--- GIVEN INFORMATION ---

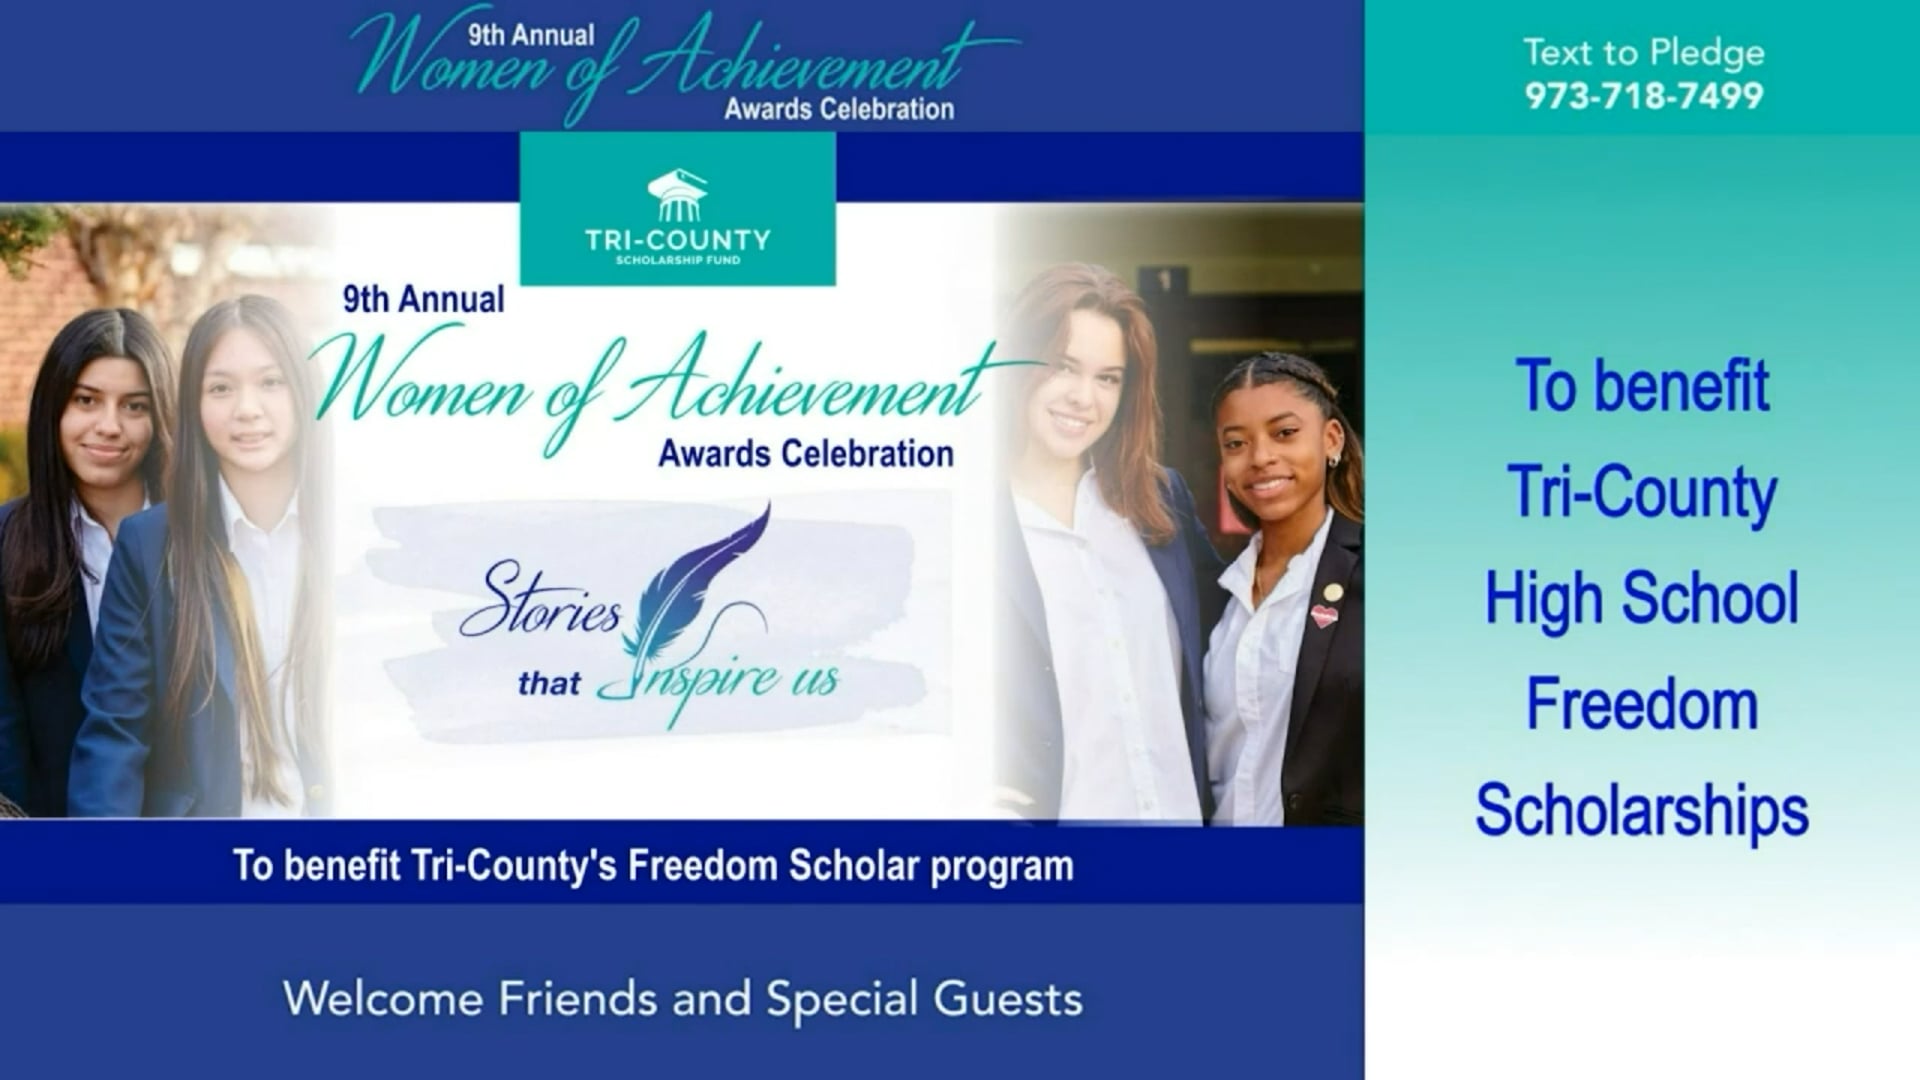 Tri-County Scholarship Fund 9th Annual Women of Achievement Awards Celebration
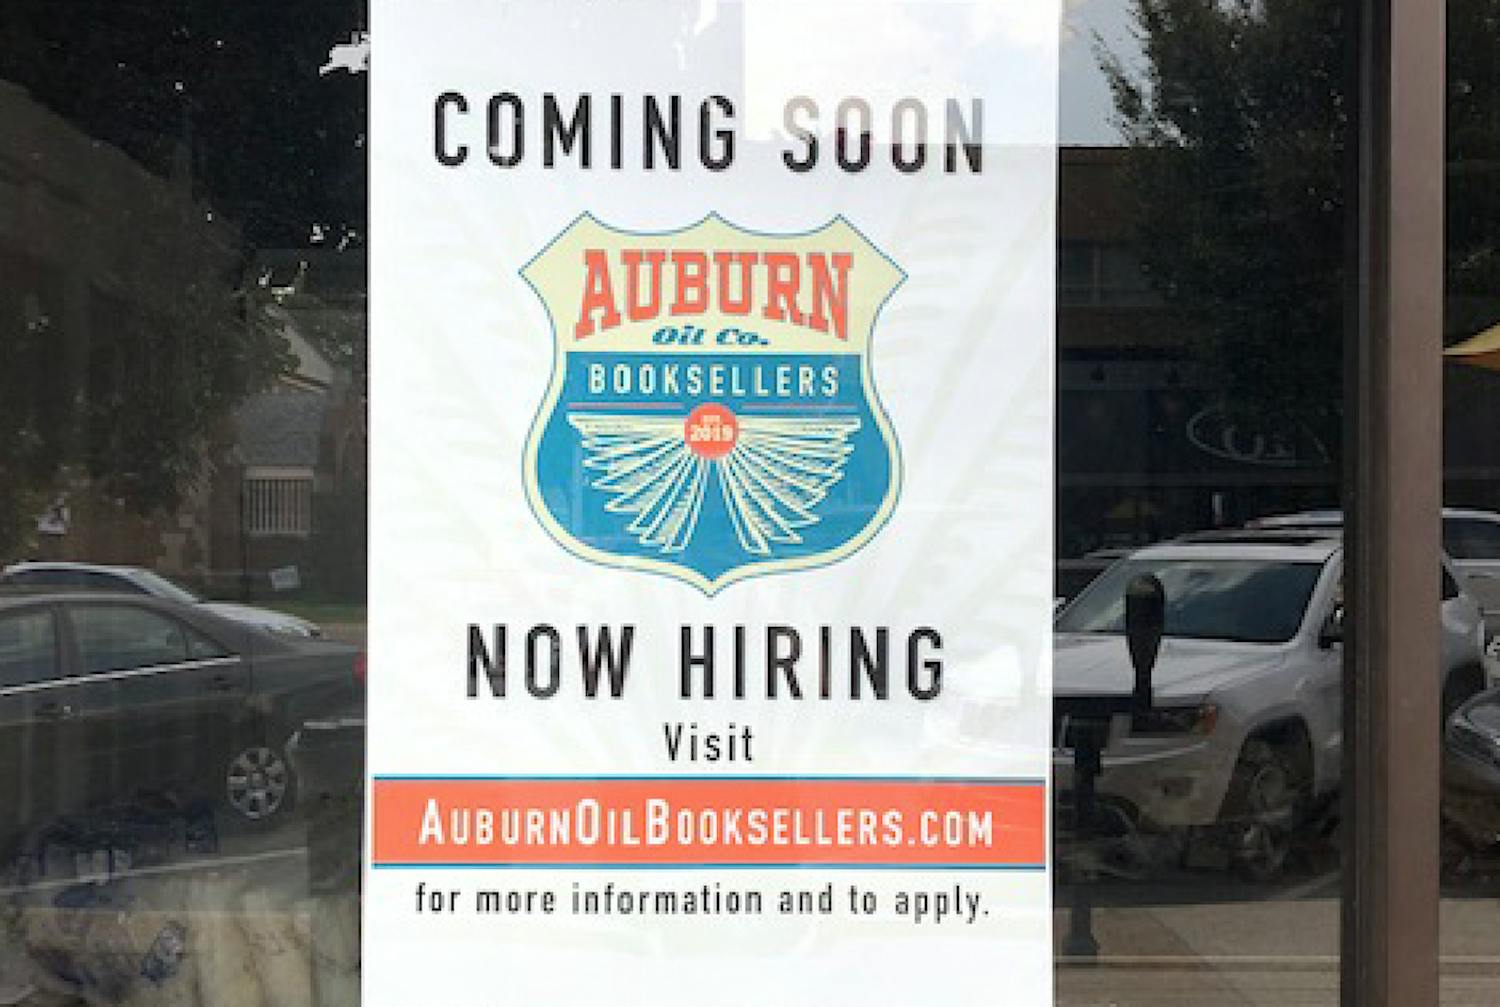 Auburn Oil Co. Booksellers sign
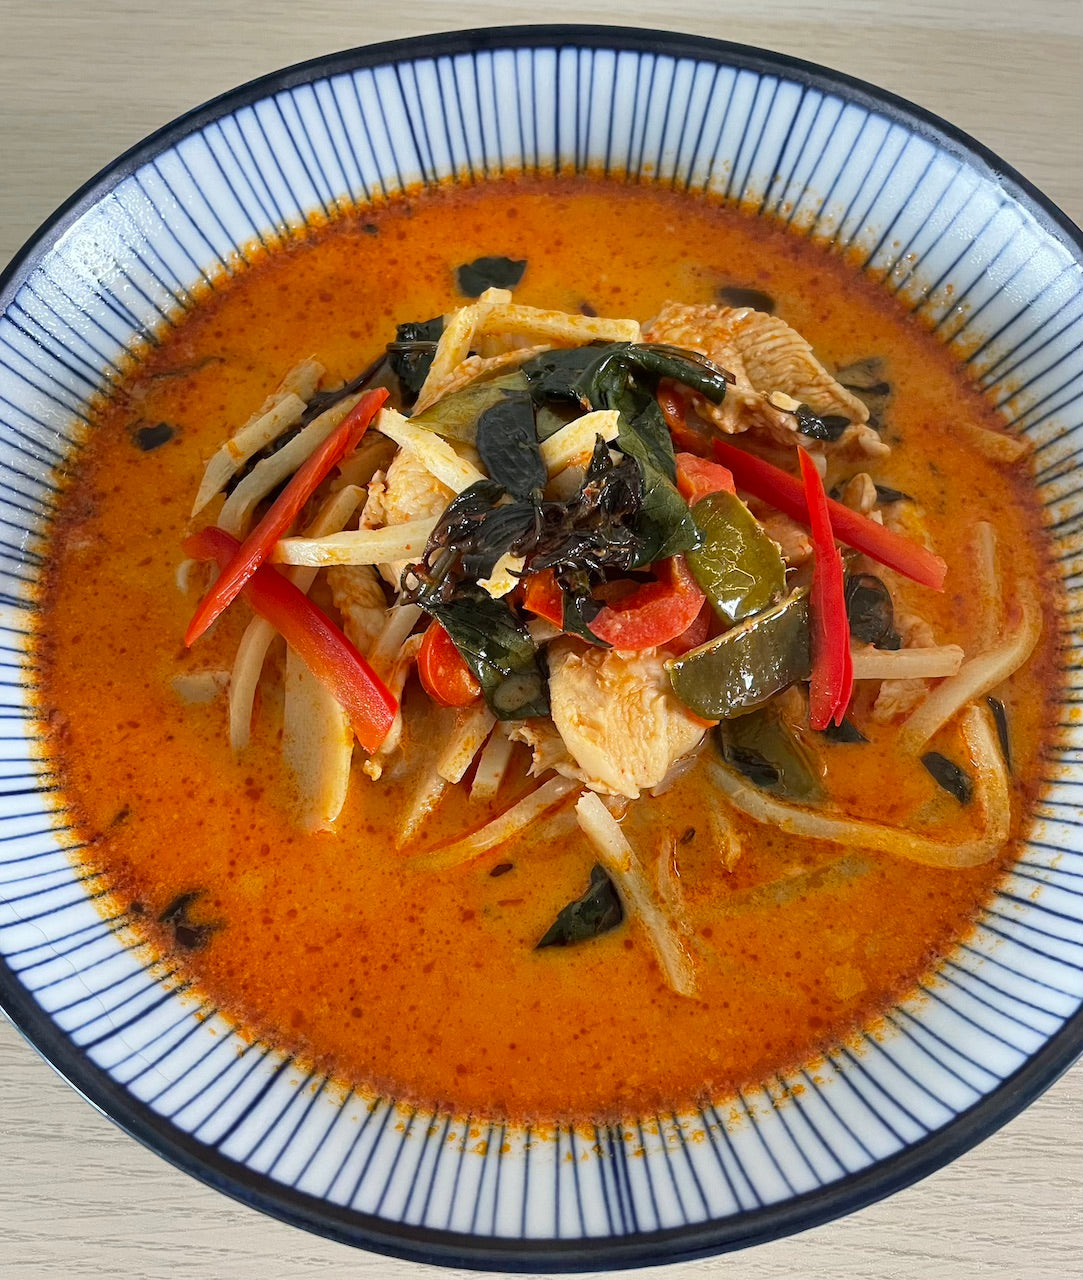 Gaeng daeng - Red curry

--- WORK TASK ---
Return only what lies between the line containing "Auburn Oil Co. Booksellers sign" and the last line of the listing, those two lines included, exactly as written and with no pictures.

--- EXERCISE ANSWER ---
 Auburn Oil Co. Booksellers sign
 Gaeng daeng - Red curry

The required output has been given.